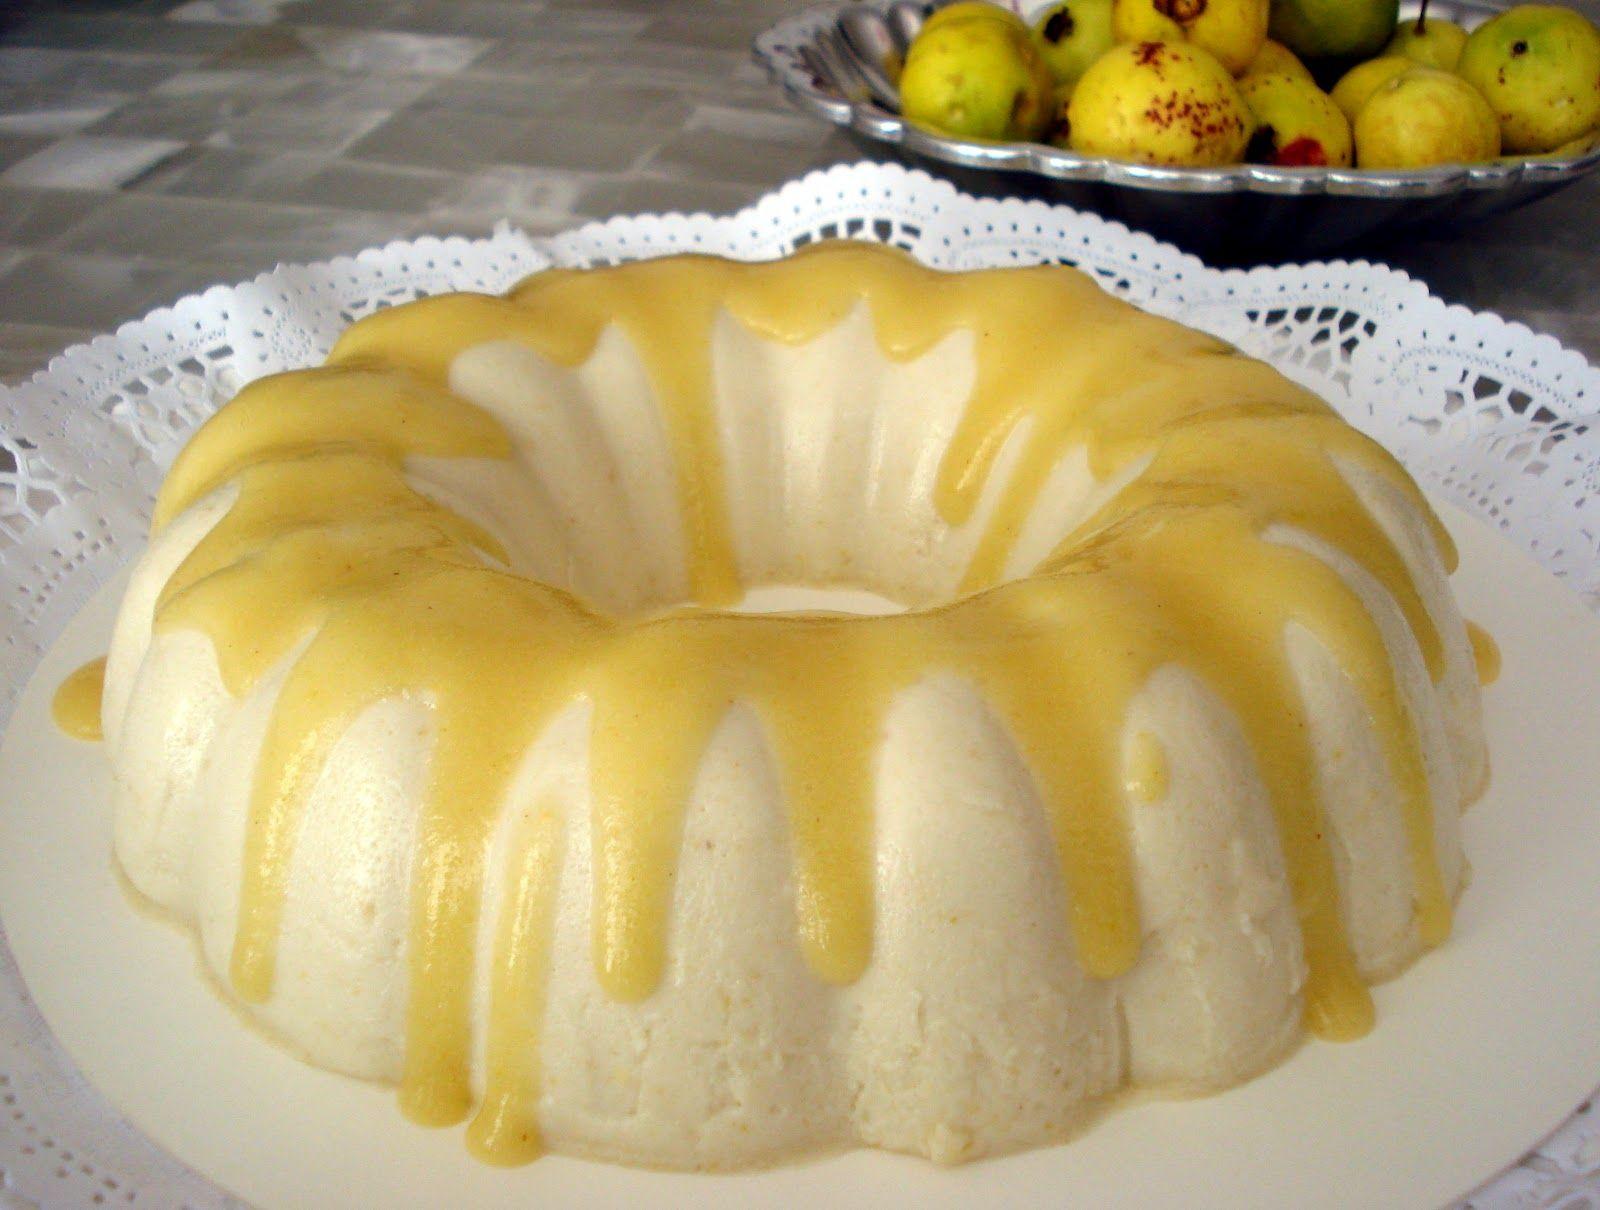 Gelatina de guayaba recipe jello gelatin and food - Gelatina leche condensada ...
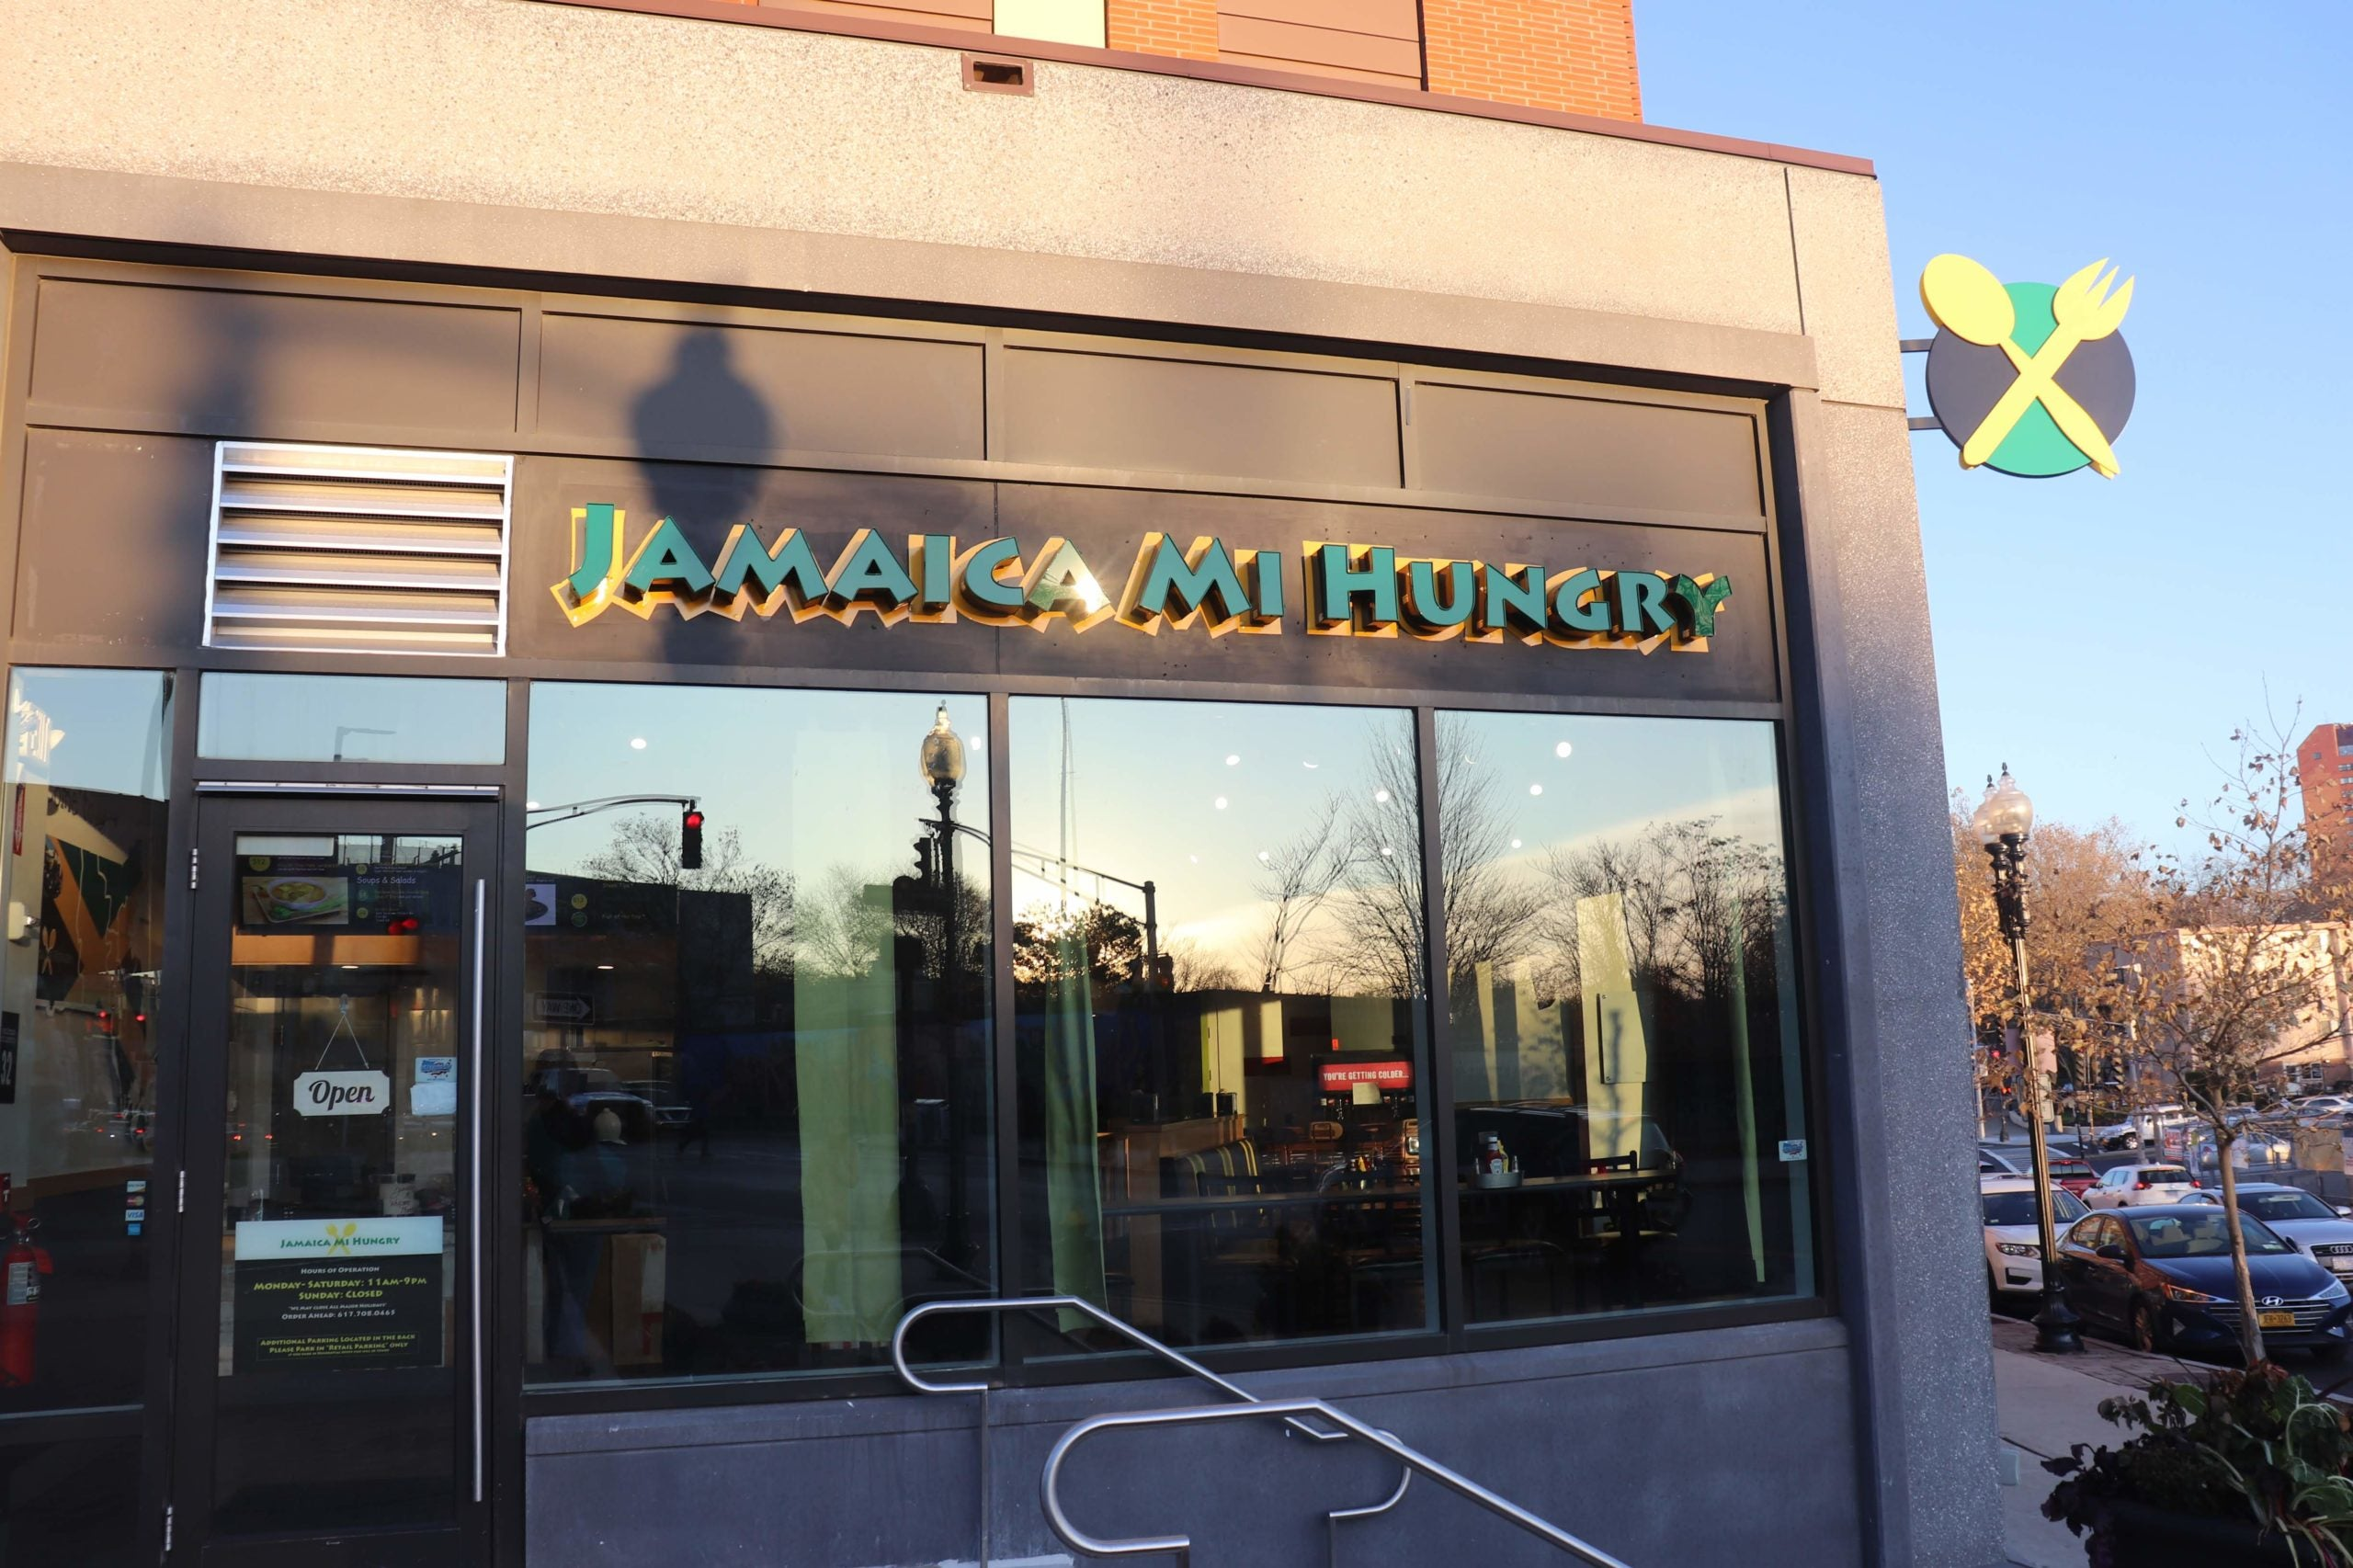 Jamaica Mi Hungry exterior
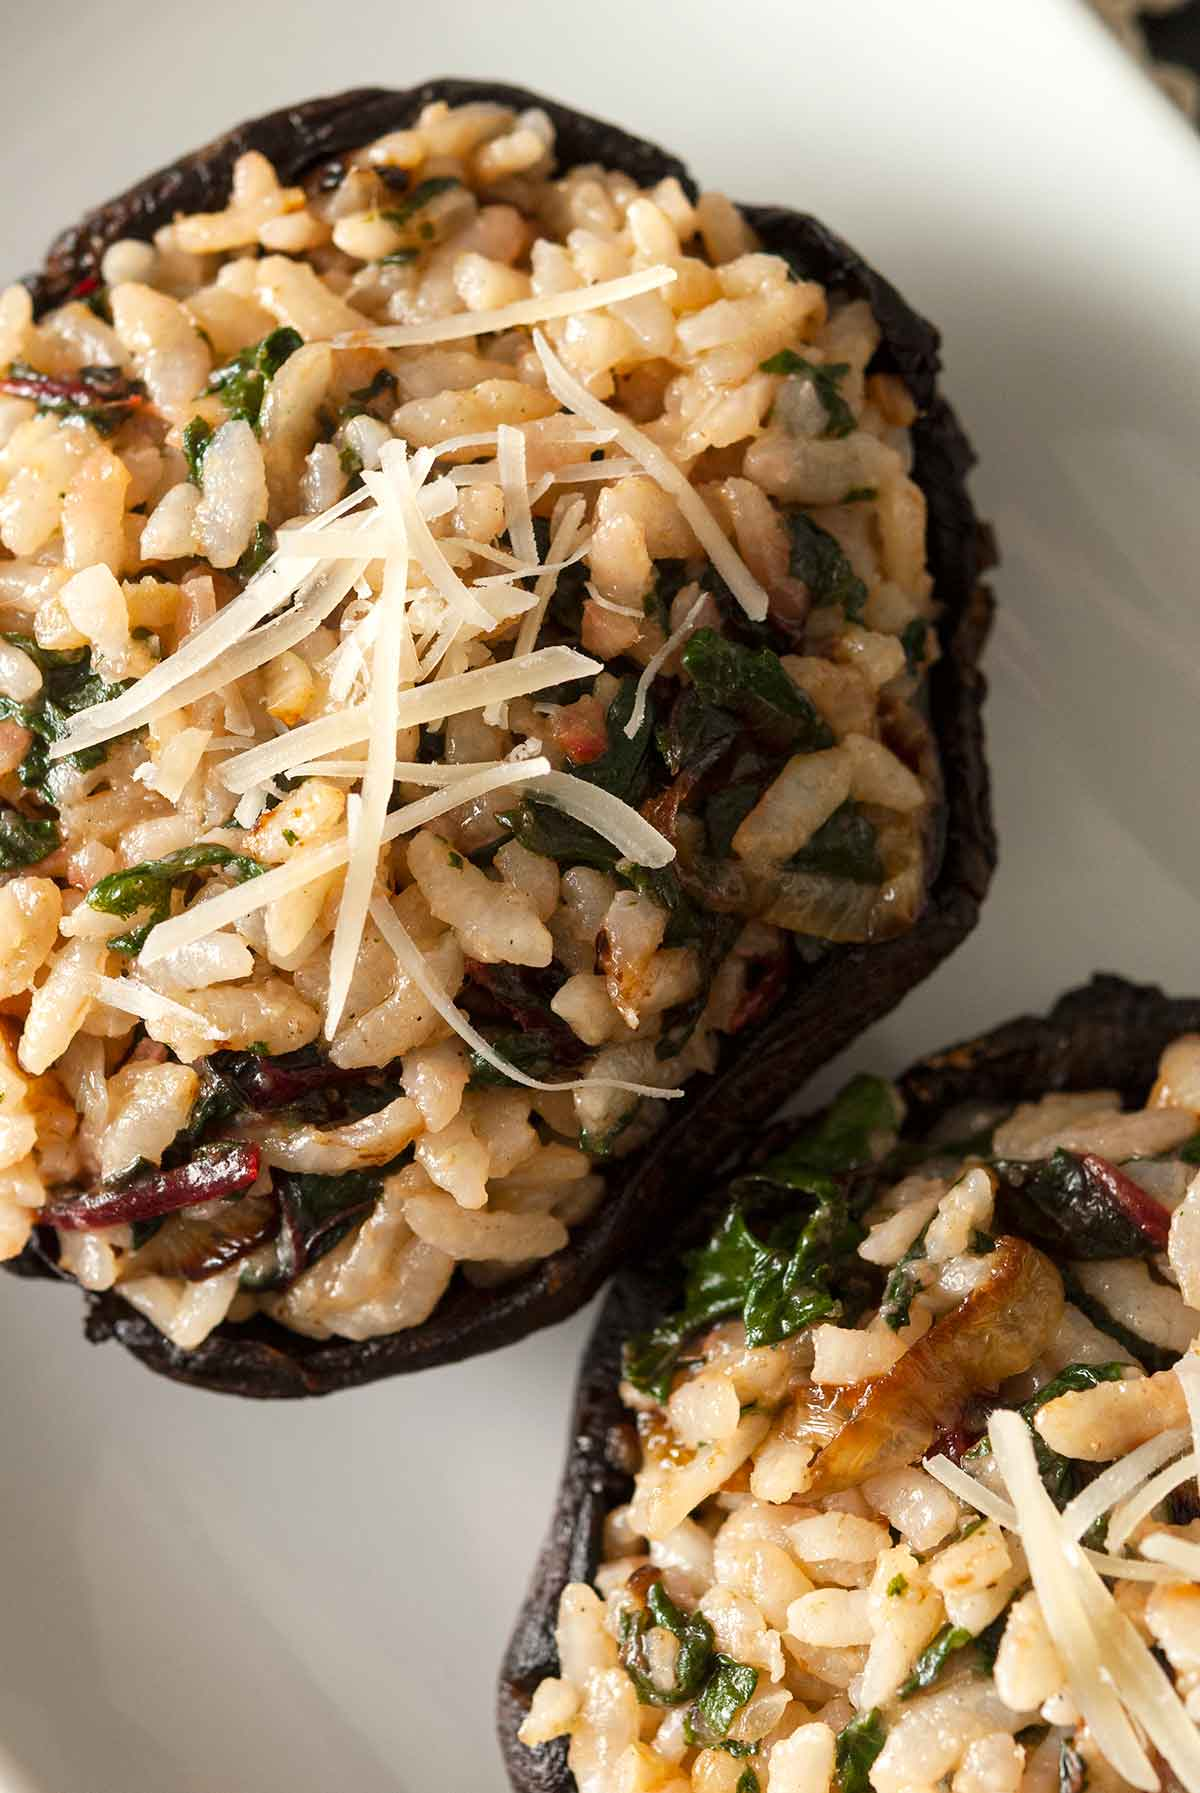 2 risotto-stuffed portobello mushrooms on a plate.

- **What is needed**
Transcribe the whole listing exactly but exclude images.

- **Exercise answer**
 Gelatina de guayaba recipe jello gelatin and food - Gelatina leche condensada ...
 Jamaica Mi Hungry exterior
 2 risotto-stuffed portobello mushrooms on a plate.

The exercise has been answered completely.